Cypripedium calceolus is known to primarily associate with mycorrhizal fungi in the genus Tulasnellaceae.[10] [11] Specific relationships with mycorrhizal fungi are key to orchids' ability to access soil nutrients. Other suggested mycorrhizal partners include Alternaria sp., Ceratorhiza sp., Chaetomium sp., Cylindrocarpon sp., Epicoccum purpureum, Epulorhiza sp., Moniliopsis sp., Mycelium radicis atrovirens, Phoma sp. and Rhizoctonia subtilis sp.[12]
Although the global conservation status of Cypripedium calceolus is least concern according to the IUCN Red List, in many countries (including the UK and Denmark) it has become rare and is afforded legal protection. C. calceolus is common in Poland and Austria but in Greece it has become extinct.[3]
In Britain, it was formerly a reasonably widespread plant across northern England, particularly the limestone area of the Yorkshire Dales.[13] By the late 20th century it had declined to just a single plant in one location in the Dales.[14] While the virtual extinction of the lady's-slipper orchid from its historical range in Britain is often blamed on uprooting by gardeners and botanists, it is also the case that its preferred habitat shrank markedly with human clearance of woodland from the limestone landscape, and the grazing of sheep will have finished it off.[15] It became a protected species in the UK in 1975 under the Conservation of Wild Creatures and Wild Plants Act,[16] but a reintroduction programme for the lady's-slipper orchid is in place,[17] [18] and has led to a population of hundreds of plants as of 2003.[19]

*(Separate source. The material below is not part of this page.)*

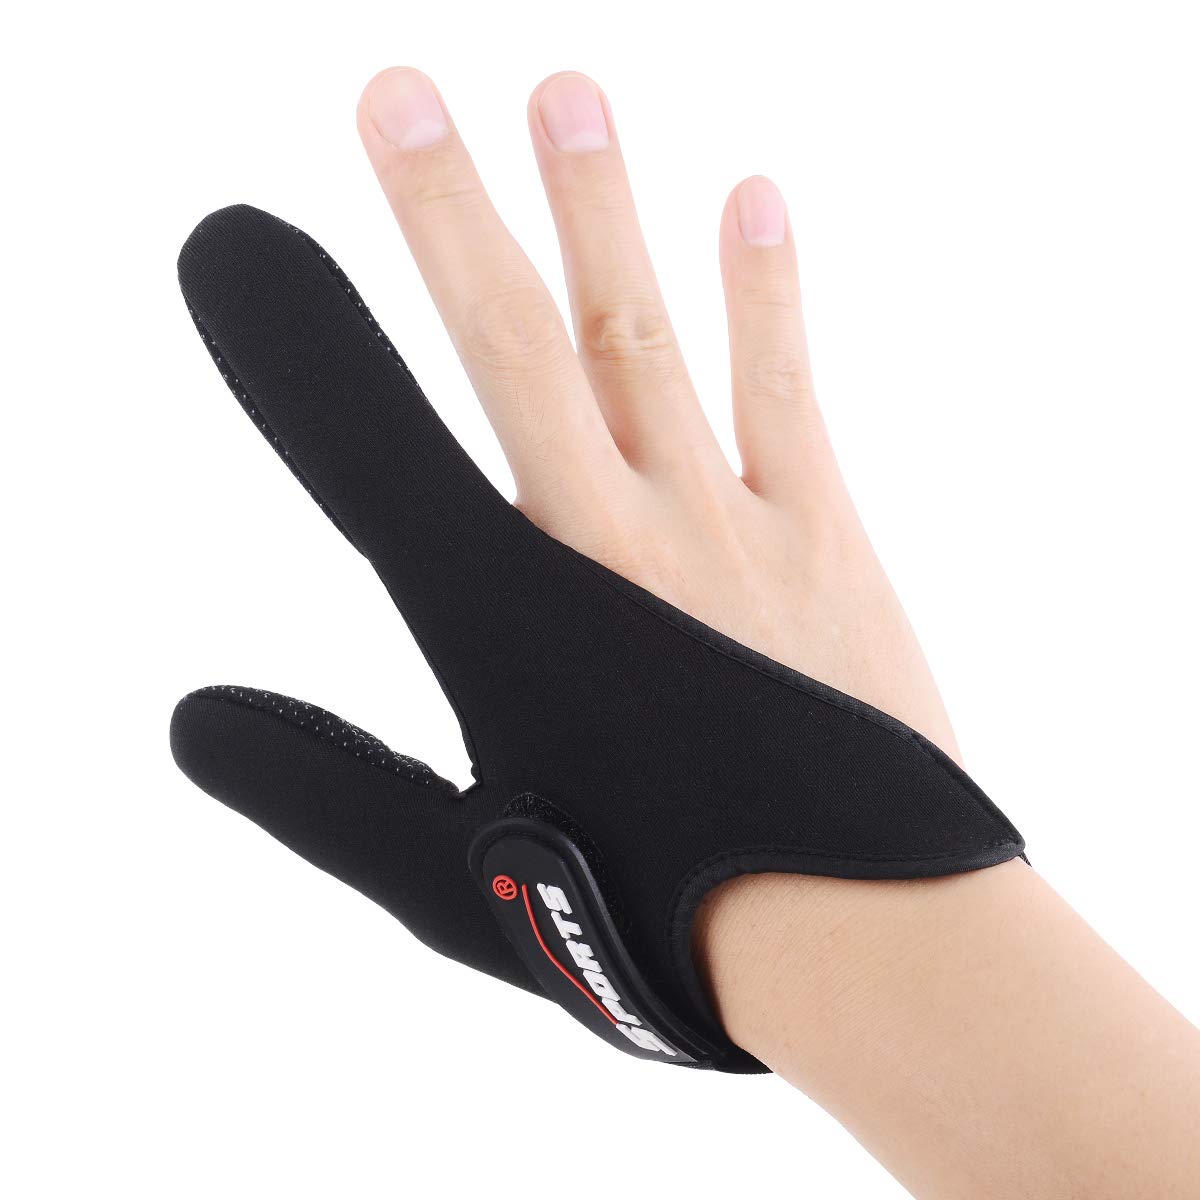 Geruwam Fishing Finger Protector - Elastic Unisex Gloves for

With the help of Dutch plant breeder and wholesaler Anthura, who made the Genus and this species commercially available in garden centers, this species is successfully reintroduced in several locations in Switzerland at the request of the Swiss Orchid Foundation. Seeds from the Swiss population were used by Anthura resulting in three thousand viable plants available for the reintroduction. The locations are kept secret, but are monitored regularly.http://anthura-unlimited.anthura.nl/anthurinfo-2019-june/cypripedium-calceolus/
Cypripedium calceolus has appeared on postage stamps in a huge number of countries including Austria, the Czech Republic, Denmark, France, Grenadines, Hungary, Italy, Latvia, Madagascar, Moldova, Mozambique, Norway, Romania, Russia, Slovenia, Sweden, Uganda, Ukraine and the United Kingdom.[20]
The Norwegian municipality of Snåsa has a Cypripedium calceolus in its coat-of-arms.
In Pavel Ivanovich Melnikov's "In the Forests", a znakharka (Russian wise woman) calls this Adam's head, Adam's grass, and Cuckoo's slippers and says it is good for every ill including driving away evil spirits.